PT. MNO terbukti wanprestasi dan berutang sebesar AS$ 1,191 juta terhadap PT. XYZ. Dari tujuh pesawat yang diletakkan sita jaminan, hanya empat yang berhasil di eksekusi.
 PT. XYZ kembali memenangkan gugatan terhadap PT. MNO. Maskapai penerbangan lokal itu terbukti wanprestasi terhadap atas perjanjian perbaikan dan perawatan mesin pesawat. Majelis hakim yang diketuai Sugeng Riyono menghukum PT. MNO untuk membayar utang kepada PT. XYZ sebesar AS$ 1,191 juta, plus  bunga enam persen per tahun.

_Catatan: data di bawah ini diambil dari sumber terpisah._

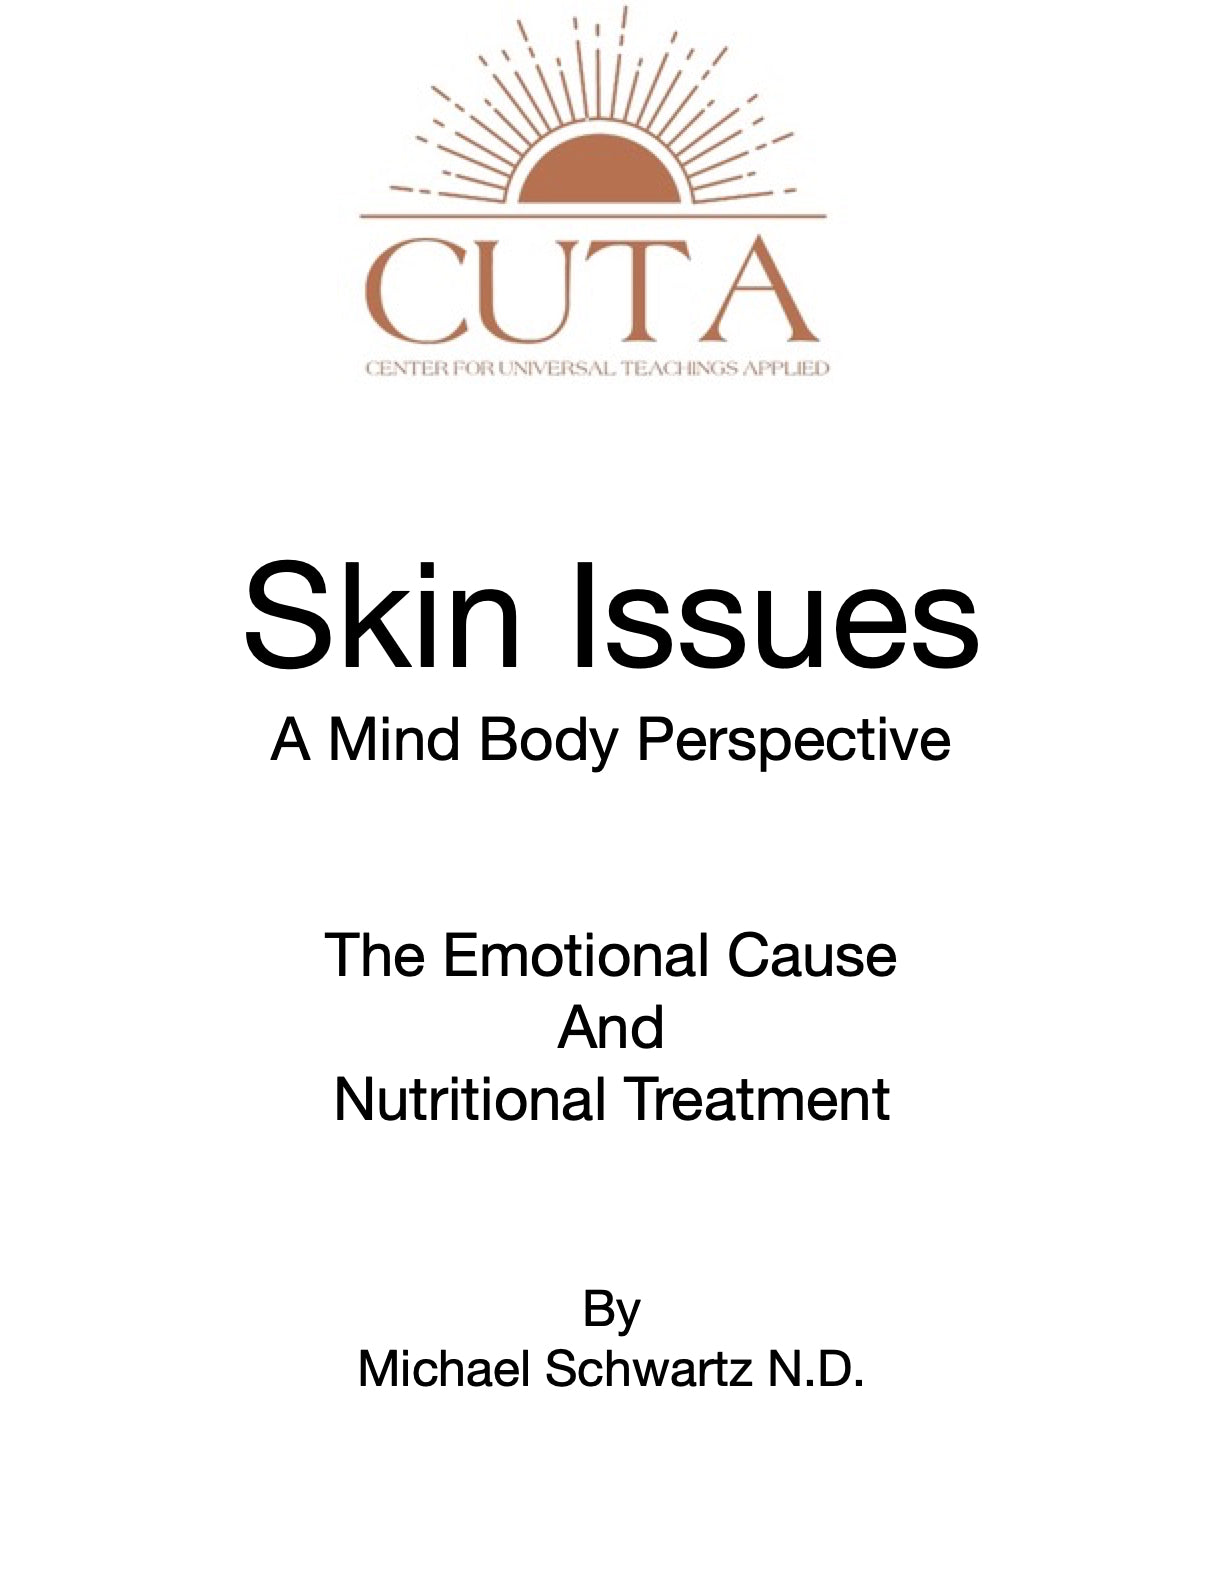 Skin Issues Booklet

Tuntutan penggugat sangat wajar dan adil sehingga petitum (tuntutan) itu harus dikabulkan, ujar Sugeng saat membacakan putusan, Rabu (22/4) di Pengadilan Negeri Jakarta Pusat.
 Meski demikian, tuntutan ganti rugi immateriil yang diajukan PT. XYZ sebesar AS$ 200 juta ditolak majelis hakim. Tuntutan itu dinilai sangat berlebihan. Menurut majelis hakim yang beranggotakan Panji Widagdo dan Reno Listowo, ganti rugi yang adil adalah AS$ 500 ribu.

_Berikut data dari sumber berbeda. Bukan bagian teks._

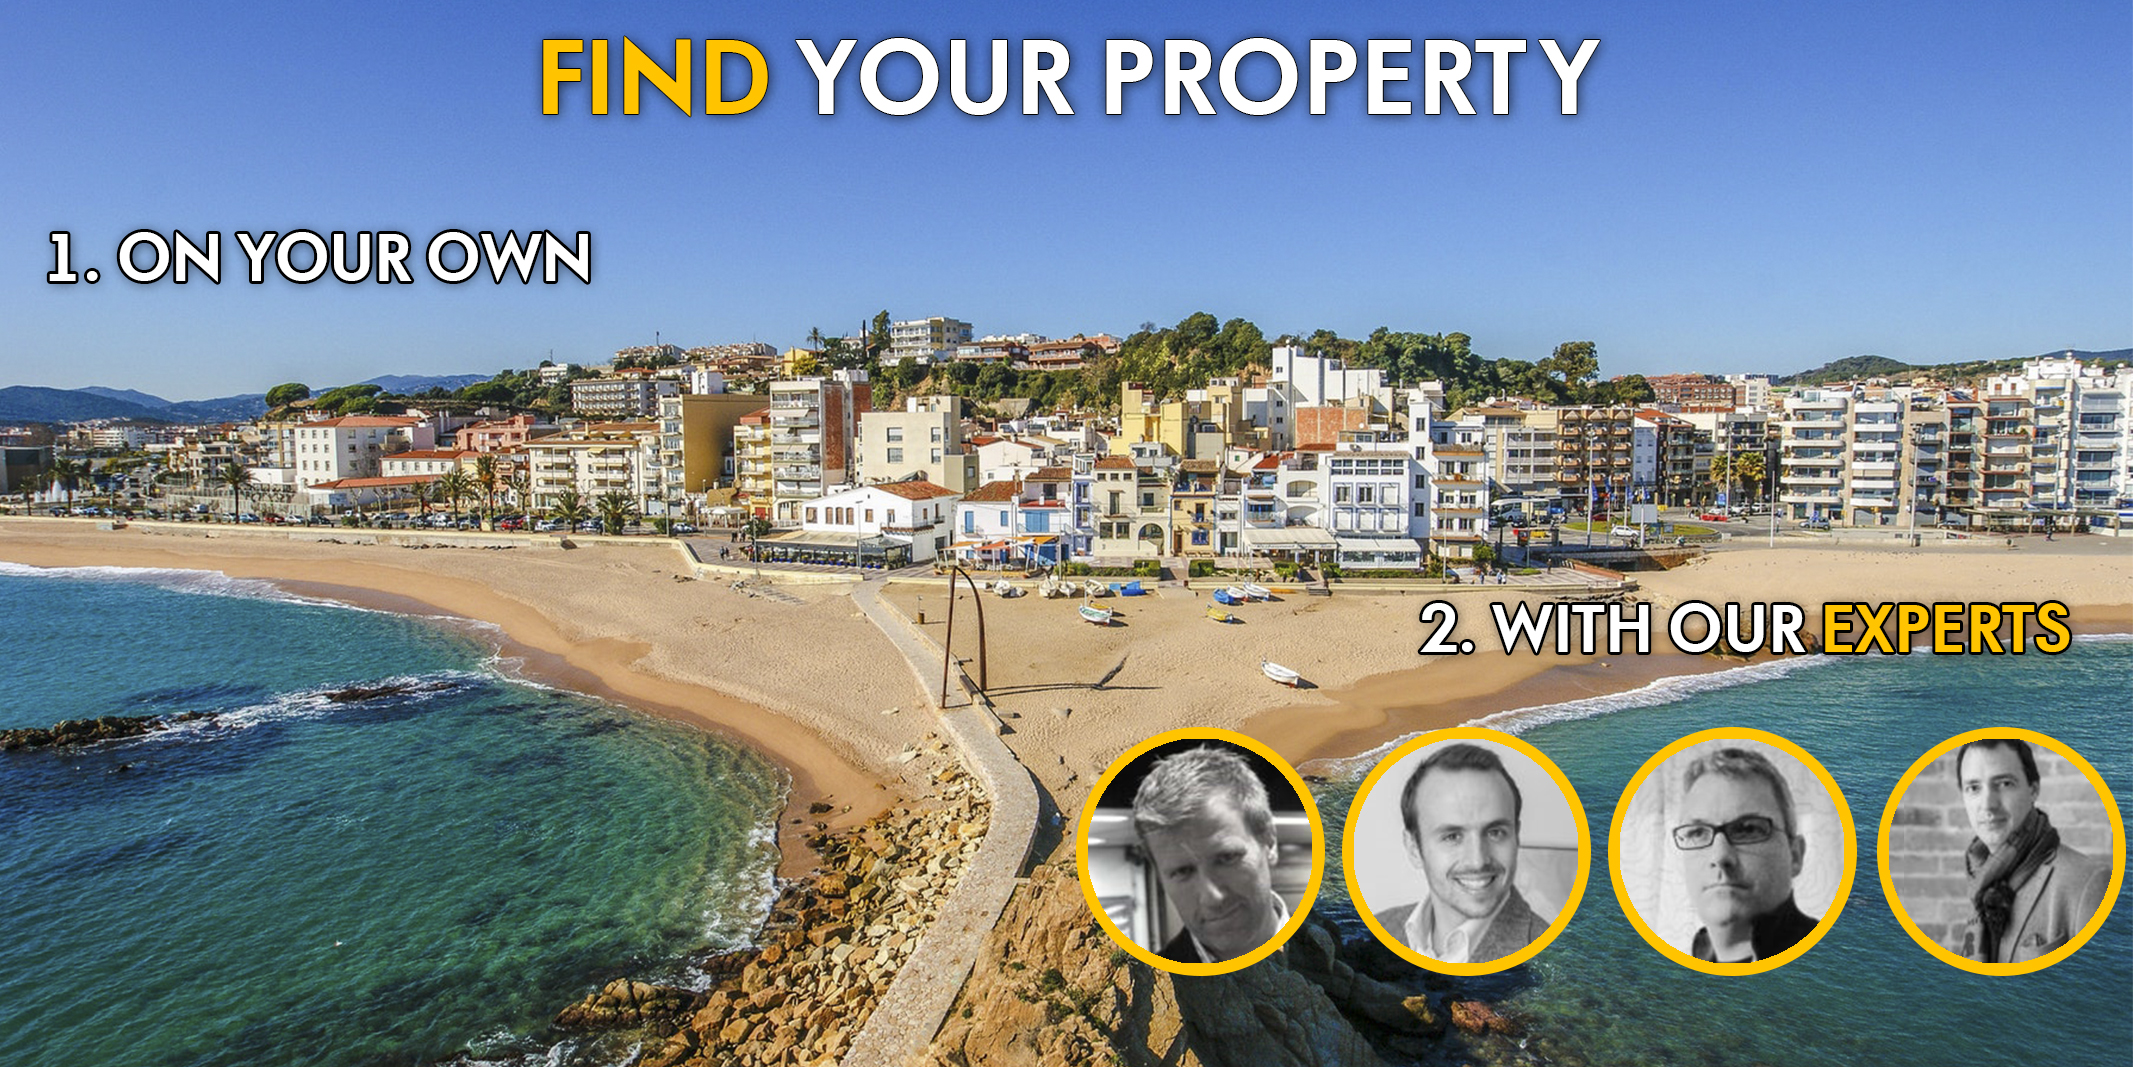 Buying your property in Spain?

 Selain itu, majelis hakim juga menyatakan sah sita jaminan empat pesawat BPT. MNO. Pesawat Boeing 737-200 yang disita terbukti milik PT. MNO dan tidak dalam agunan ke pihak ketiga. Pesawat tidak termasuk barang yang dilarang disita dan praktik peradilan membutuhkan sehingga untuk menghindari putusan illusioner (sia-sia) majelis hakim menetapkan sita jaminan, imbuh Sugeng.
  Dalam penetapan sita jaminan 4 Maret 2009 lalu, majelis hakim meletakkan sita jaminan terhadap tujuh buah pesawat. penyitaan pesawat sendiri sempat terhambat. Ketika eksekusi sita jaminan, juru sita Pengadilan Negeri Tanggerang hanya menemukan empat pesawat PT. MNO.
  Sebelumnya, PT. XYZ dan PT. MNO menandatangani perjanjian Long Term Agreement pada 16 April 2003. Perjanjian itu kemudian diamandemen dengan Long Term Aircraft Maintenance Agreement pada 5 September 2006. Berdasarkan perjanjian itu, PT. MNO meminta PT. XYZ untuk melakukan perawatan dan perbaikan mesin pesawat, penjualan spare part, penyewaan tools, dan penggunaan tenaga kerja PT. XYZ. Nilai kontraknya adalah AS$ 1,191 juta. Namun hingga jatuh tempo dan digugat ke pengadilan, PT. MNO tak jua membayar kewajibannya pada PT. XYZ.
   Dalam jawabannya, PT. MNO mengakui berutang namun membantah tudingan ingkar janji. Pasalnya, PT. MNO sebenarnya memiliki itikad baik untuk membayar utang secara bertahap sesuai dengan kemampuan PT. MNO. Namun PT. XYZ menolak tawaran itu. Hal itu sesuai dengan notulensi rapat PT. MNO dan PT. XYZ pada 27 Agustus 2008. Selain itu, menurut PT. MNO, PT. XYZ sendiri belum menyelesaikan claim engine 857854.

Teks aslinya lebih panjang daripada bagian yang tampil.